== The problem ==
Set down a true copy of the data, with all pictures left out.

[Records contained in a dataset]
▬▬▬▬▬▬
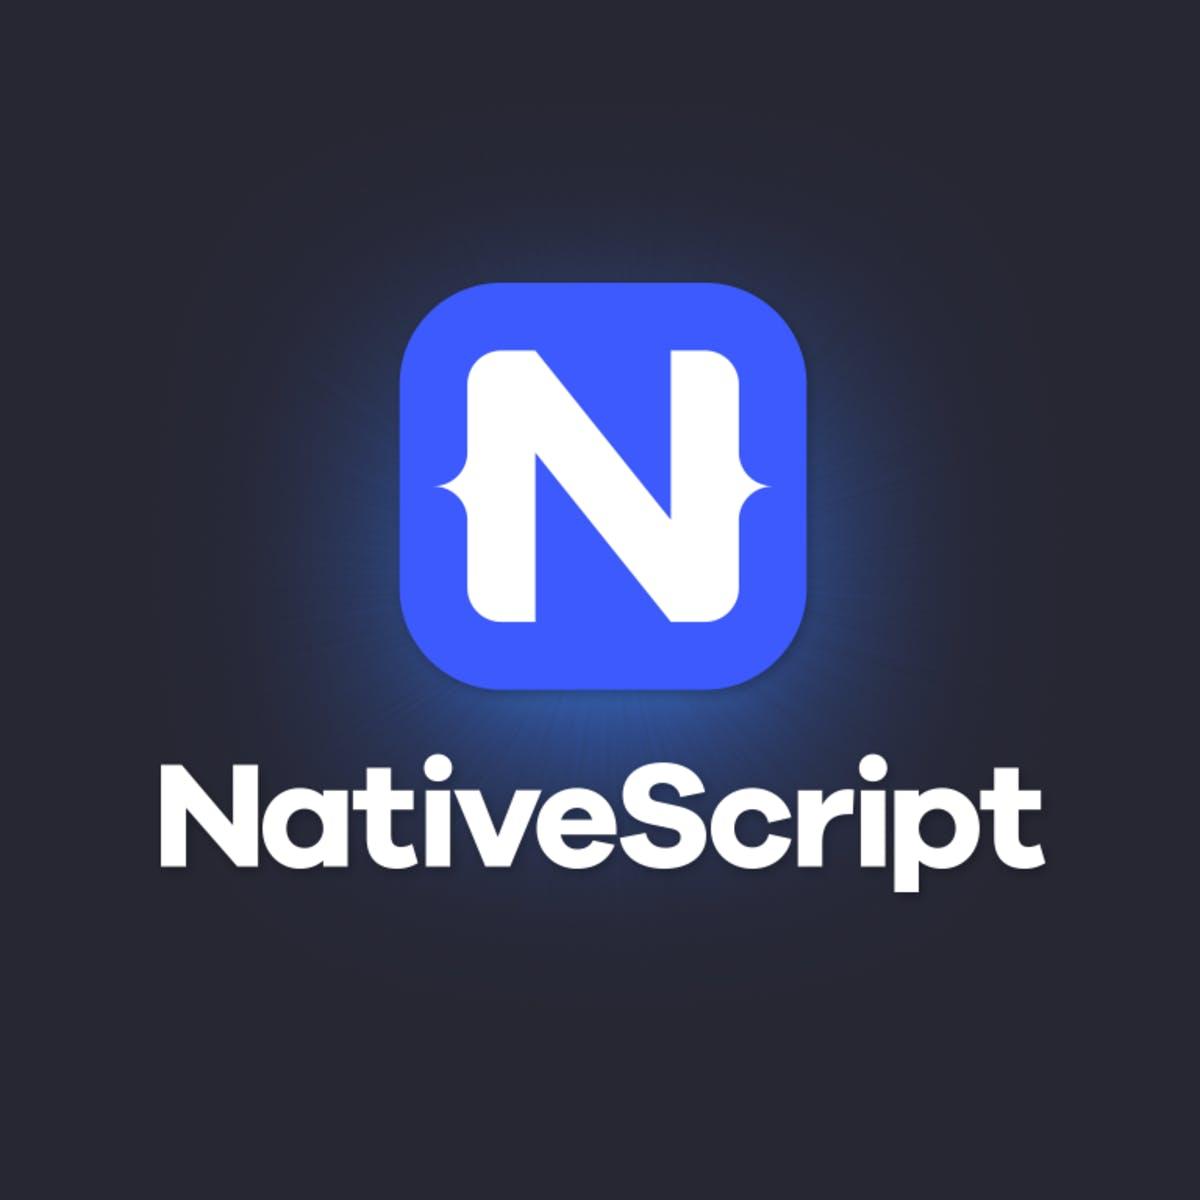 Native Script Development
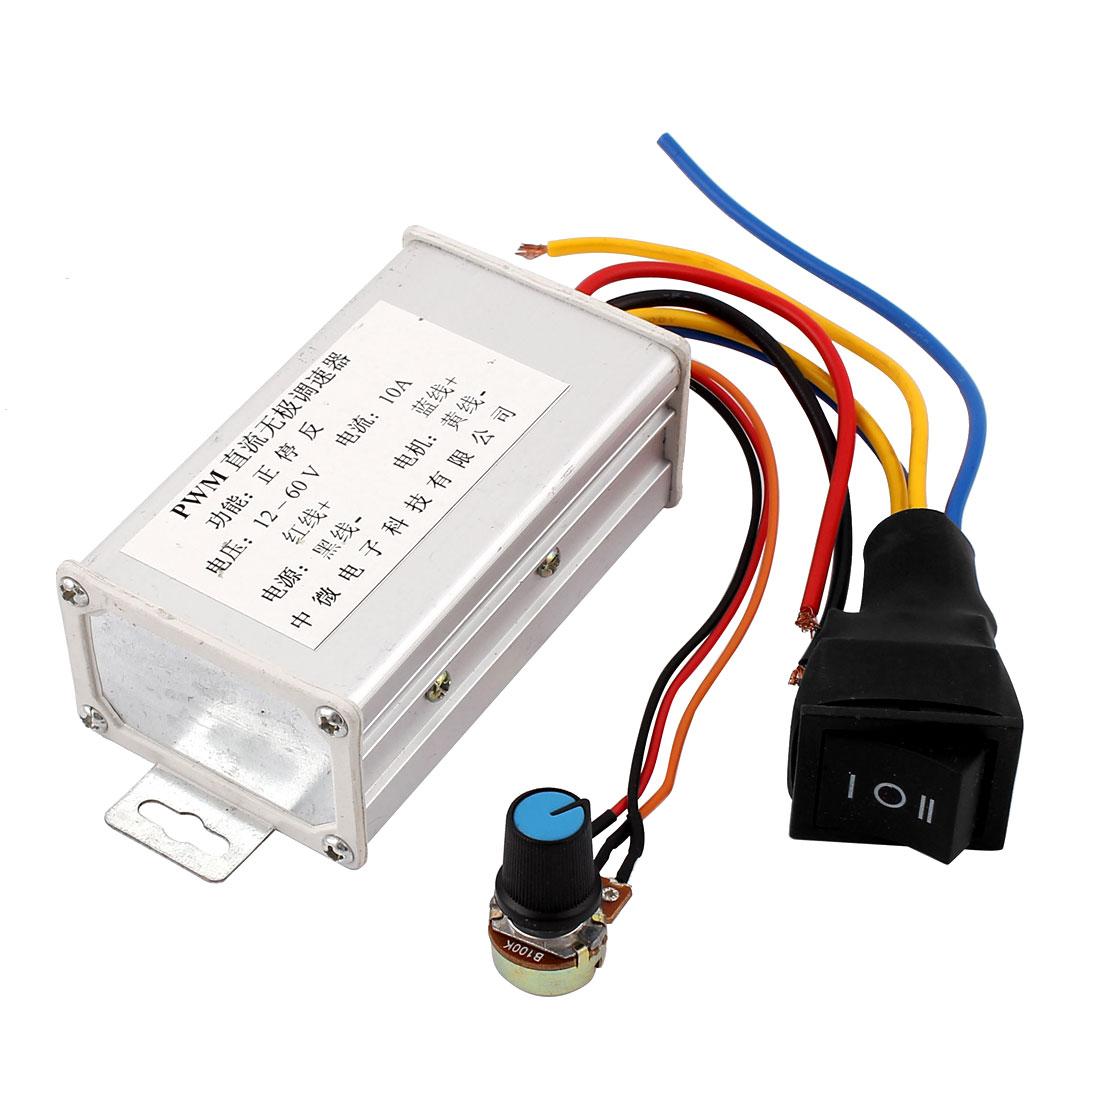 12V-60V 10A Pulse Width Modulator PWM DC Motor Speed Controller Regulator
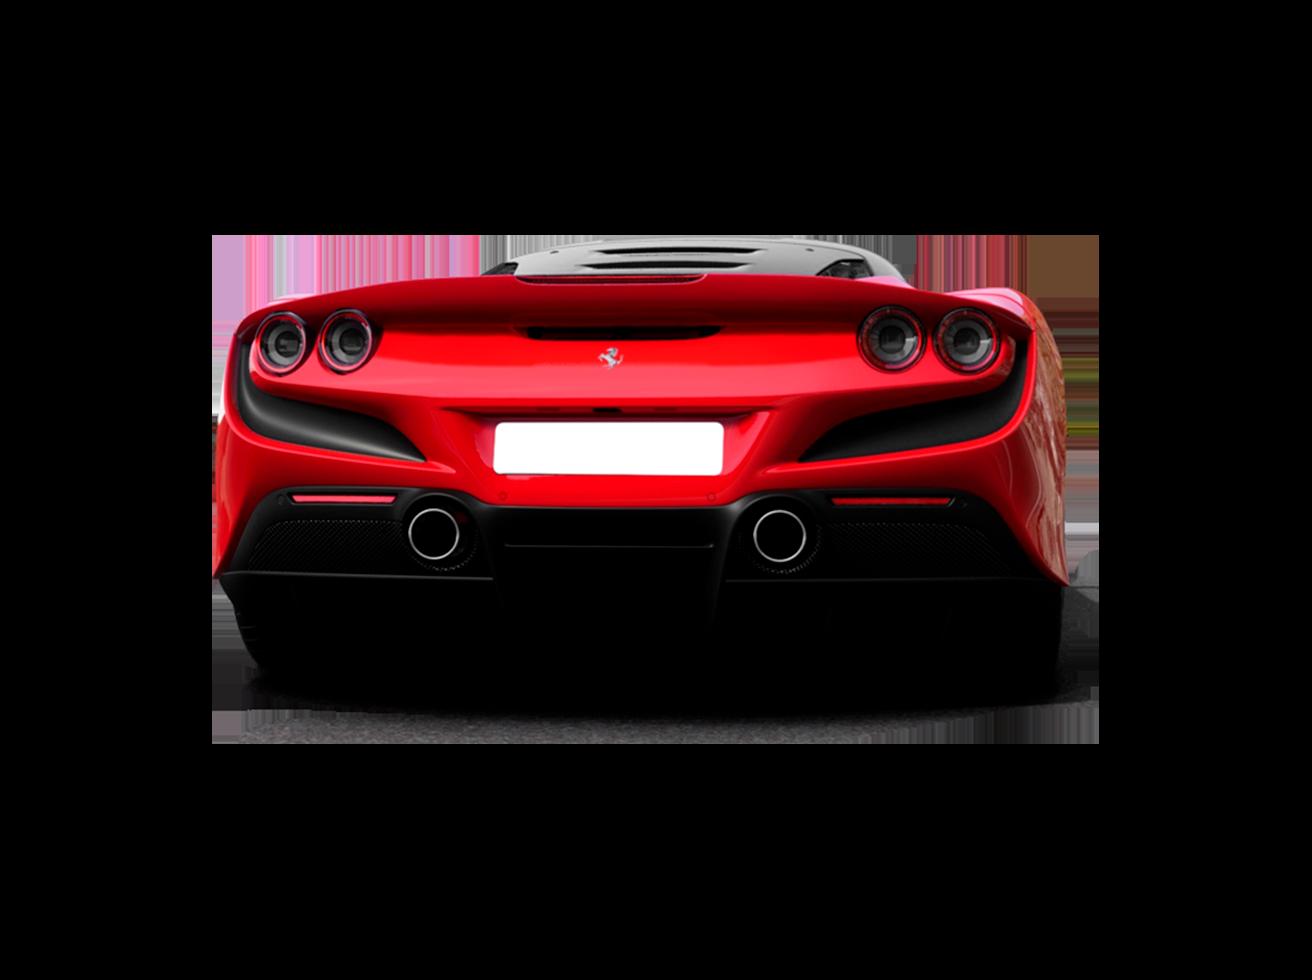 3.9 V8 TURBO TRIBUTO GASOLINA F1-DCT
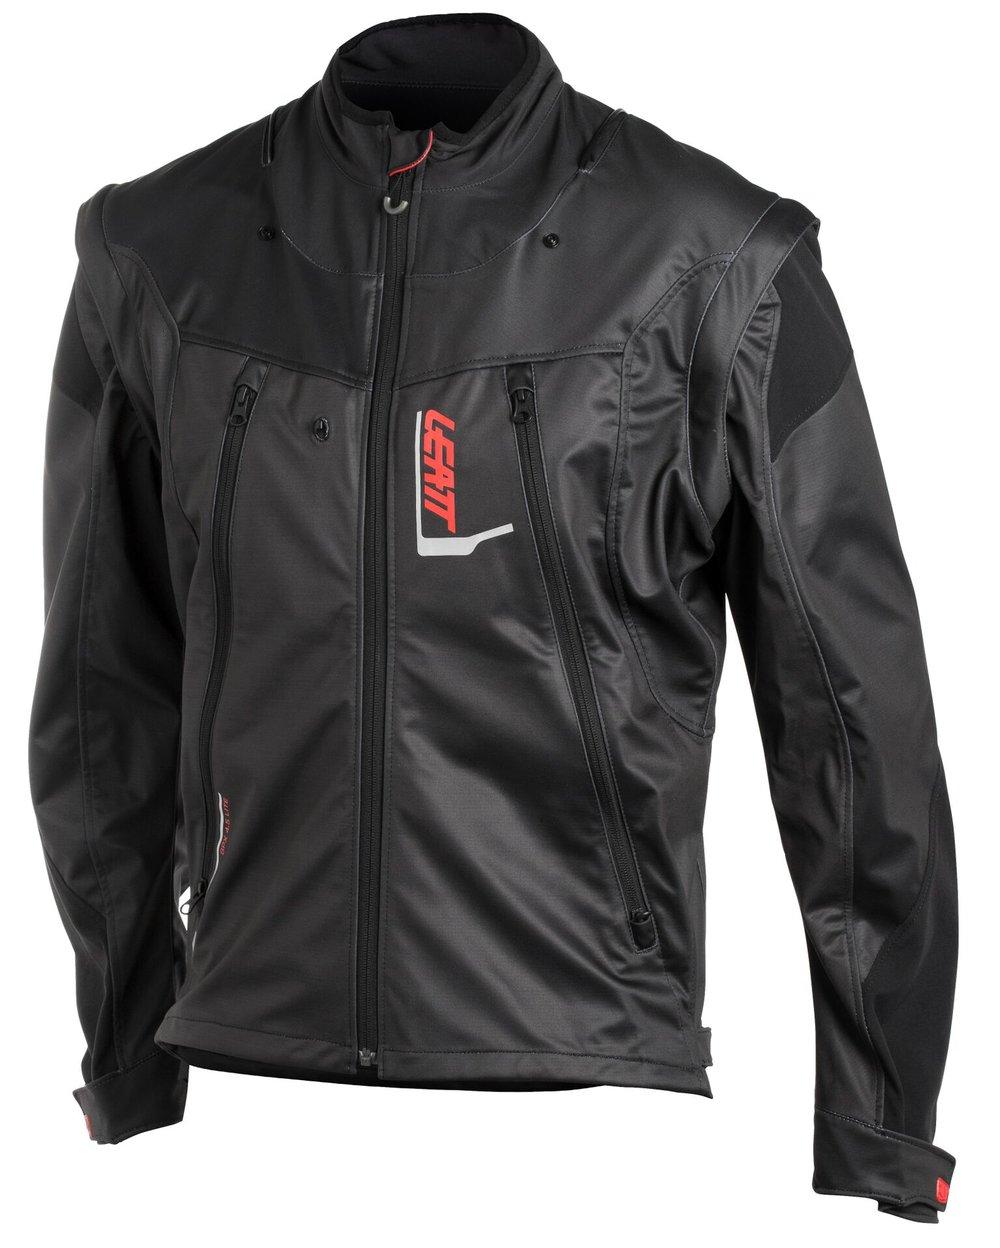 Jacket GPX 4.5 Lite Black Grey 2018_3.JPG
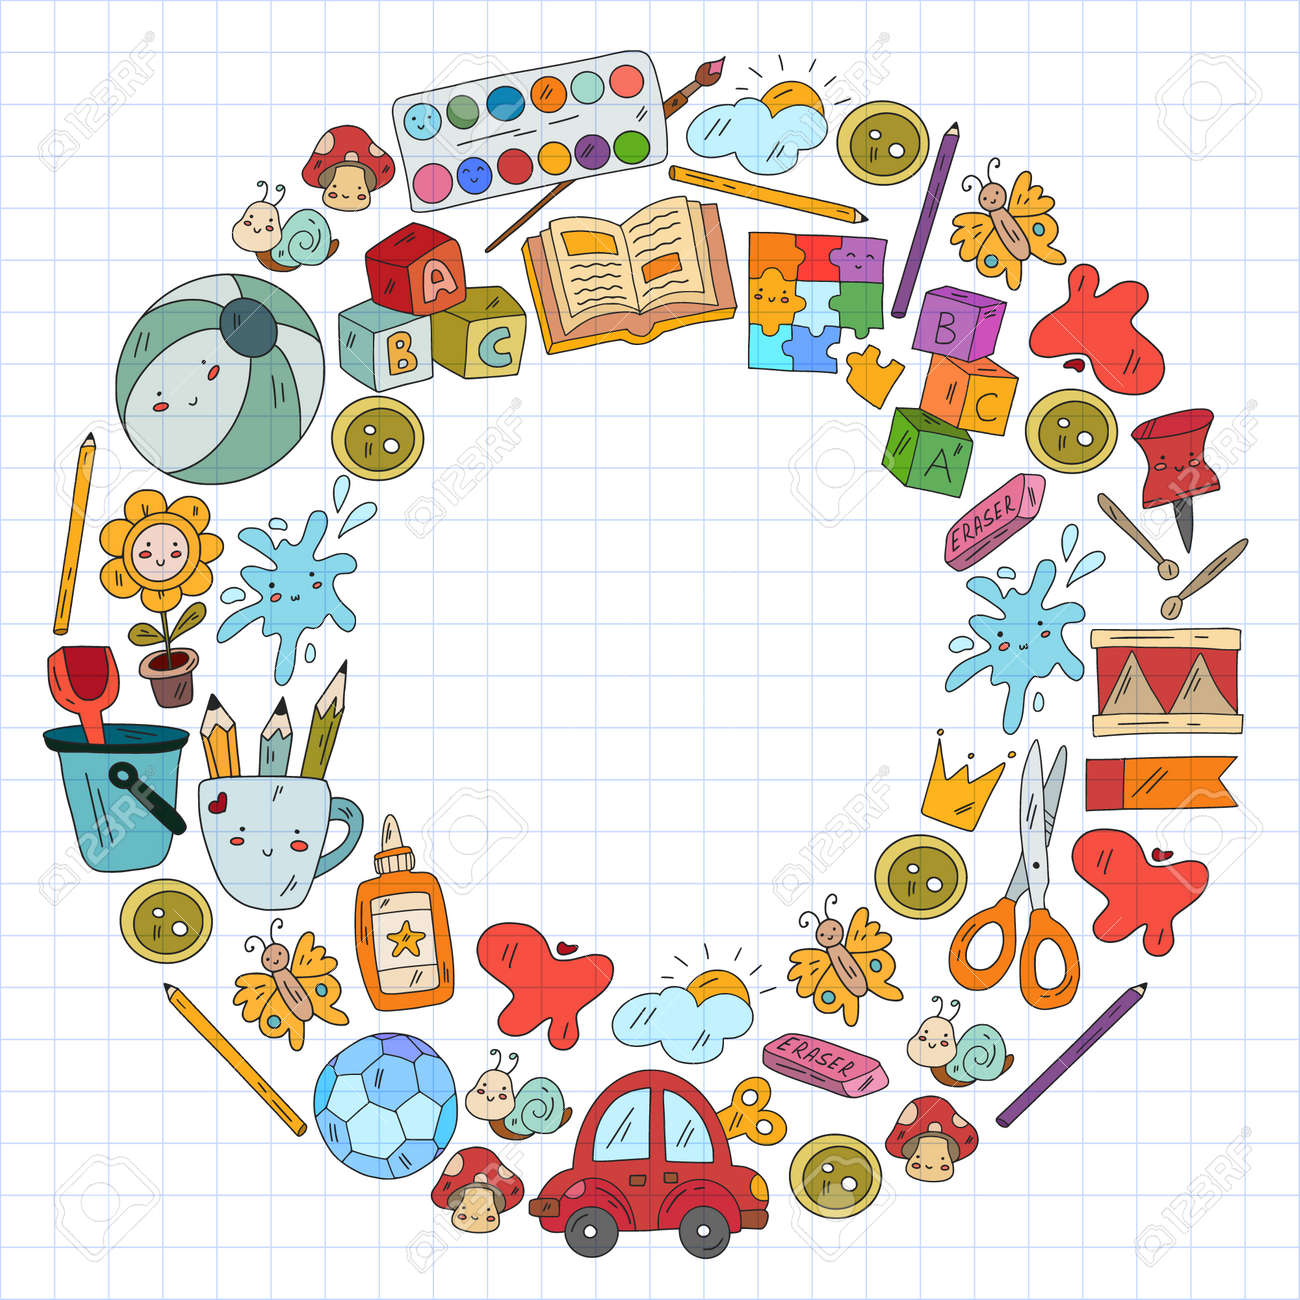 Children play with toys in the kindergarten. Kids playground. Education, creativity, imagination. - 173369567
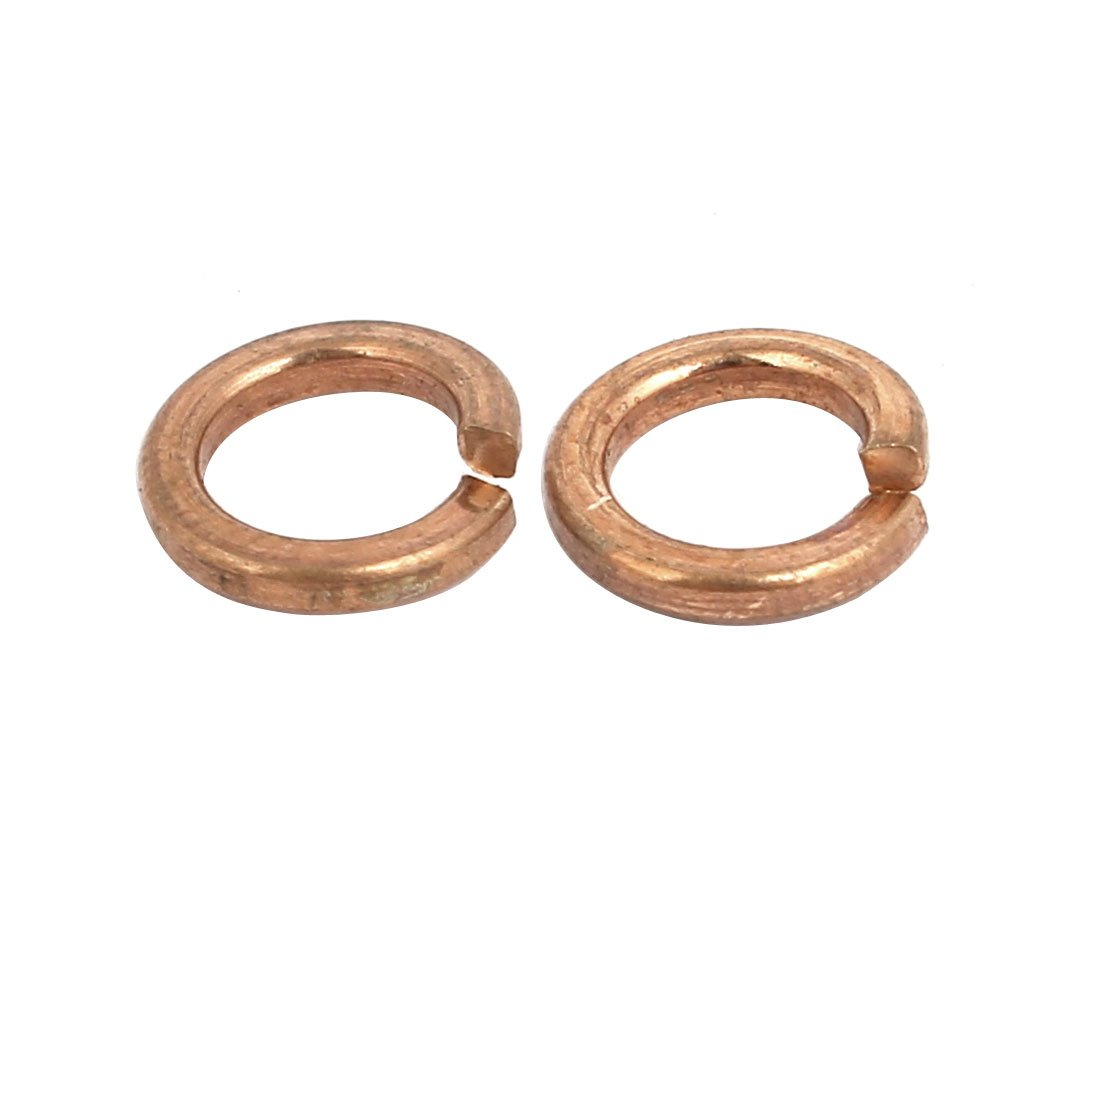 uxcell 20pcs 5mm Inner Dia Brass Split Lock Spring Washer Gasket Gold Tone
▬▬▬▬▬▬
== Problem solution ==
 Native Script Development
 12V-60V 10A Pulse Width Modulator PWM DC Motor Speed Controller Regulator
 3.9 V8 TURBO TRIBUTO GASOLINA F1-DCT
 Jacket GPX 4.5 Lite Black Grey 2018_3.JPG
 Children play with toys in the kindergarten. Kids playground. Education, creativity, imagination. - 173369567
 uxcell 20pcs 5mm Inner Dia Brass Split Lock Spring Washer Gasket Gold Tone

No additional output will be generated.